Another senior manager called Graham's conclusions "scientific rumor." Eight days later, Merck itself voluntarily pulled the drug from the market. Researchers estimate that between 139,000 people had strokes and heart attacks related to their Vioxx use since it went on the market. Of those, 55,000 people may have died.

Vioxx manufacturer Merck denies those numbers, saying they are only "speculation." It also insists the earlier studies showing cardiovascular problems were not conclusive and that it had full confidence in the drug. CEO Raymond Gilmartin said his wife was taking Vioxx the day Merck pulled it off the market.

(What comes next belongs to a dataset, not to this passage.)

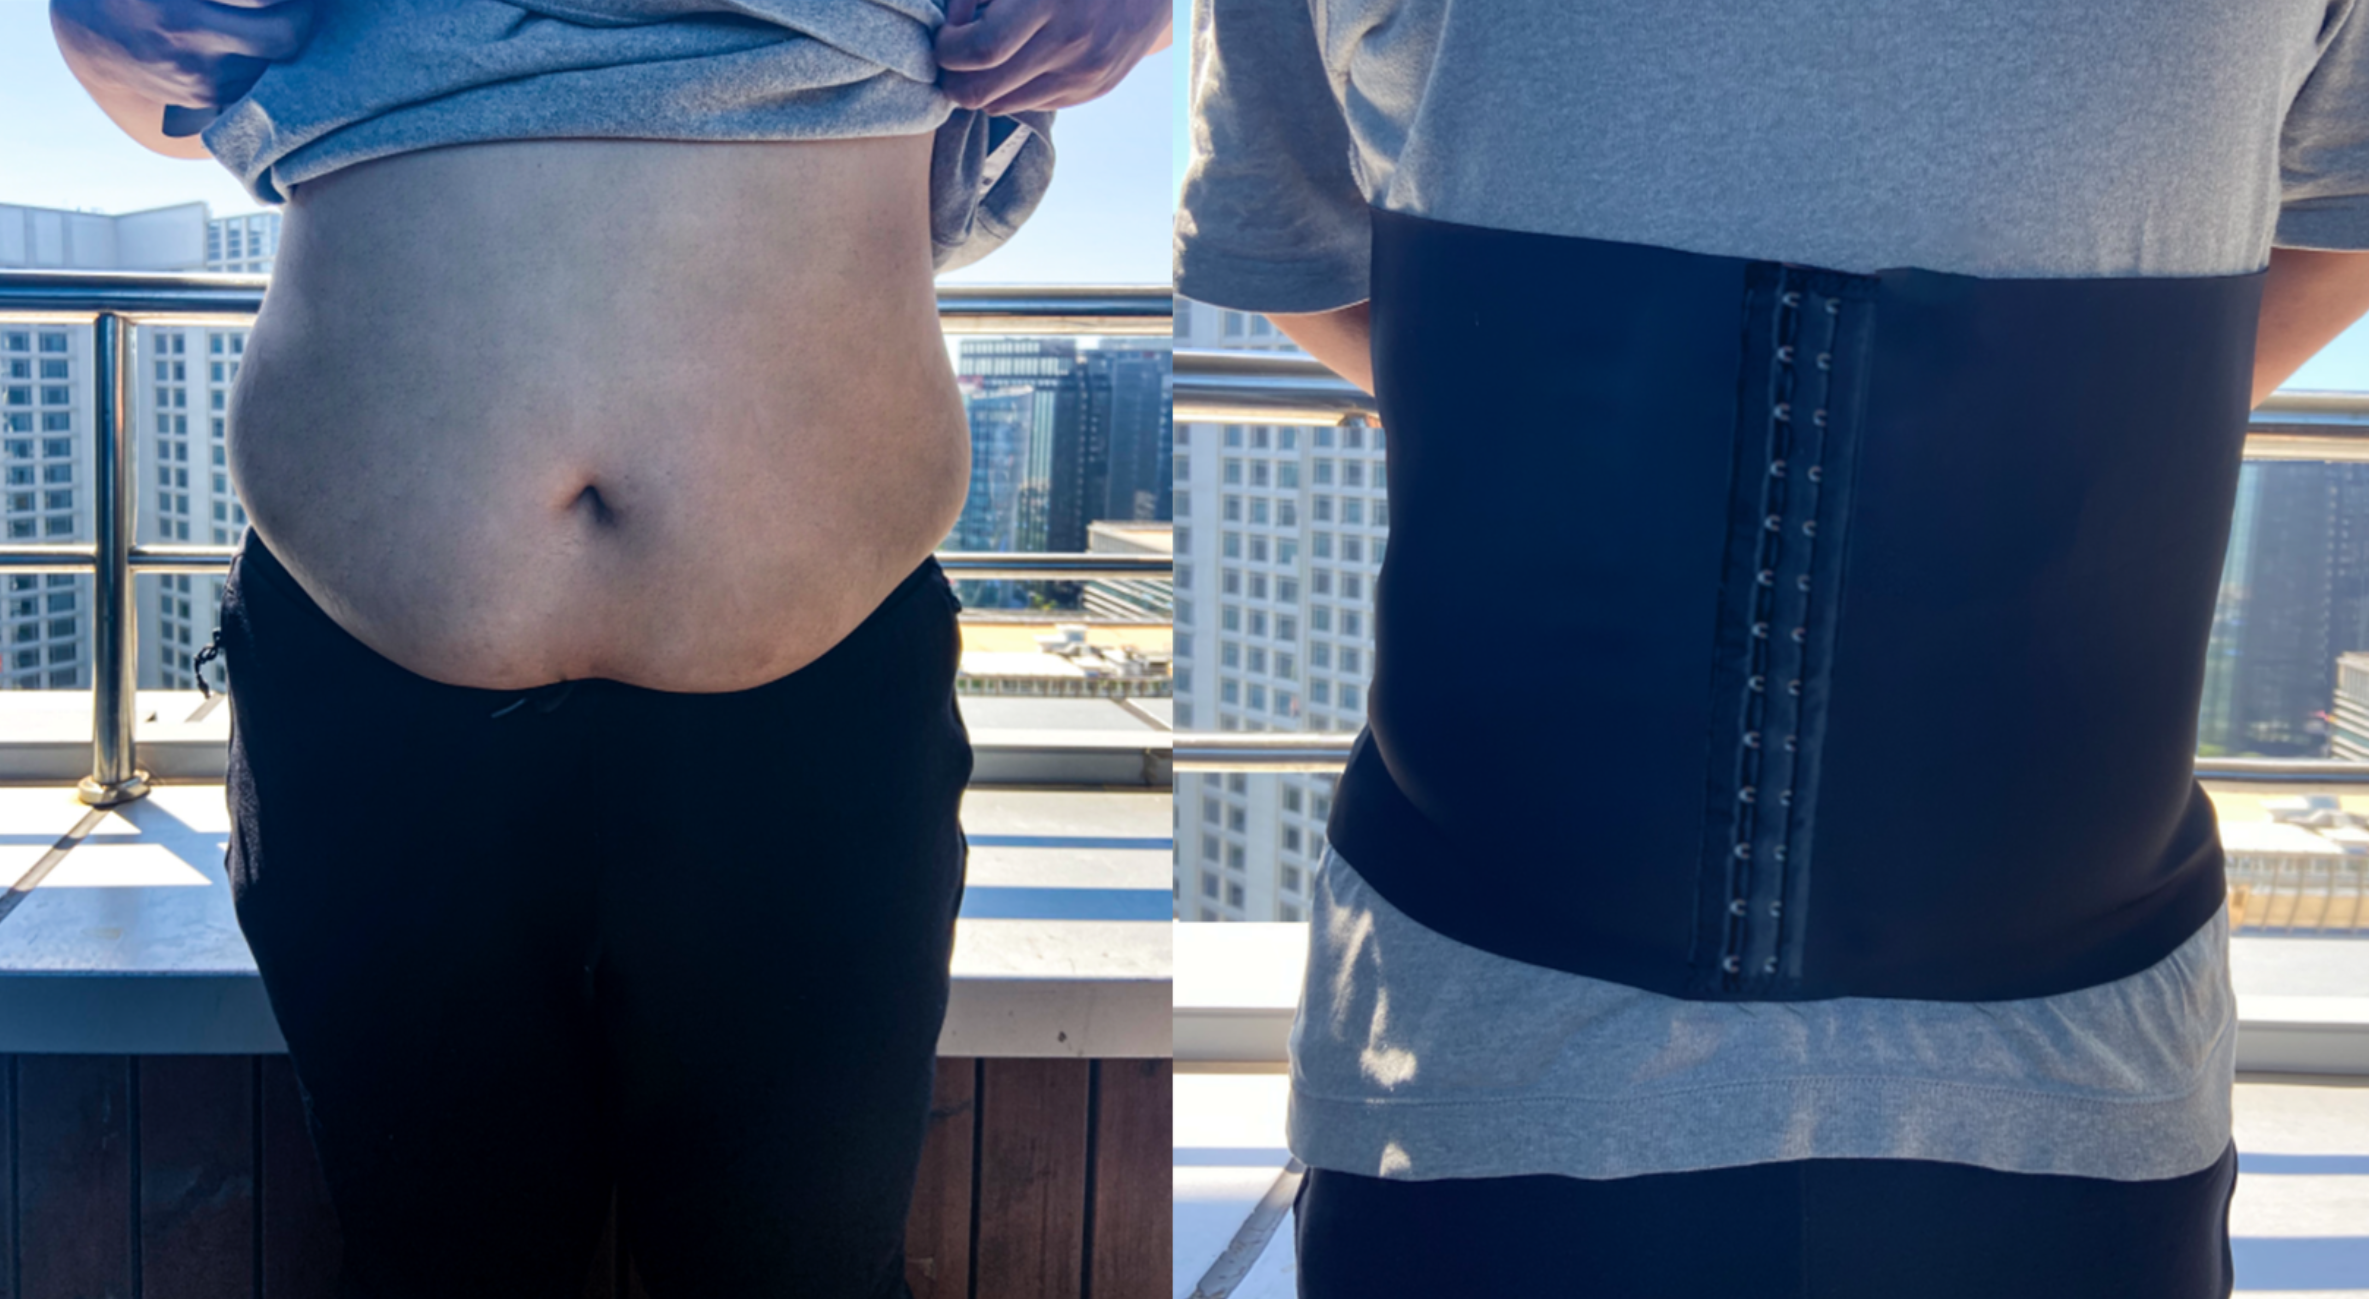 Can Waist Trainers Reduce Belly Fat? Waist Trainer for Weight Loss

But consumer activists say Vioxx is not the only problematic drug that has been given FDA approval. Public Citizen's Health Research Group did a survey in 1998 of FDA medical officers, and found 27 cases "in which they said a drug was too dangerous to be approved, but was approved over their heads anyway," says Sidney Wolfe, the group's director.

Fueled in part by the appearance that the FDA's Office of New Drugs could veto conclusions of the Office of Safety, the JAMA has called for a new drug safety board, one completely independent of the FDA. "It is unreasonable to expect that the same agency that was responsible for approval of drug licensing and labeling would also be committed to actively seek evidence to prove itself wrong," the JAMA editorial concludes.

But the industry contends that the Vioxx case is not indicative of the way the FDA usually functions. Jeff Trewhitt, a spokesman for the Pharmaceutical Research and Manufacturers of America (PhRMA), contends that the Office of Drug Safety is independent of the Office of New Drugs and has successfully raised red flags about drugs.

Calling the FDA the "gold standard" for drug regulation, he says less than 3 percent of some 10,000 drugs on the market are pulled for safety reasons.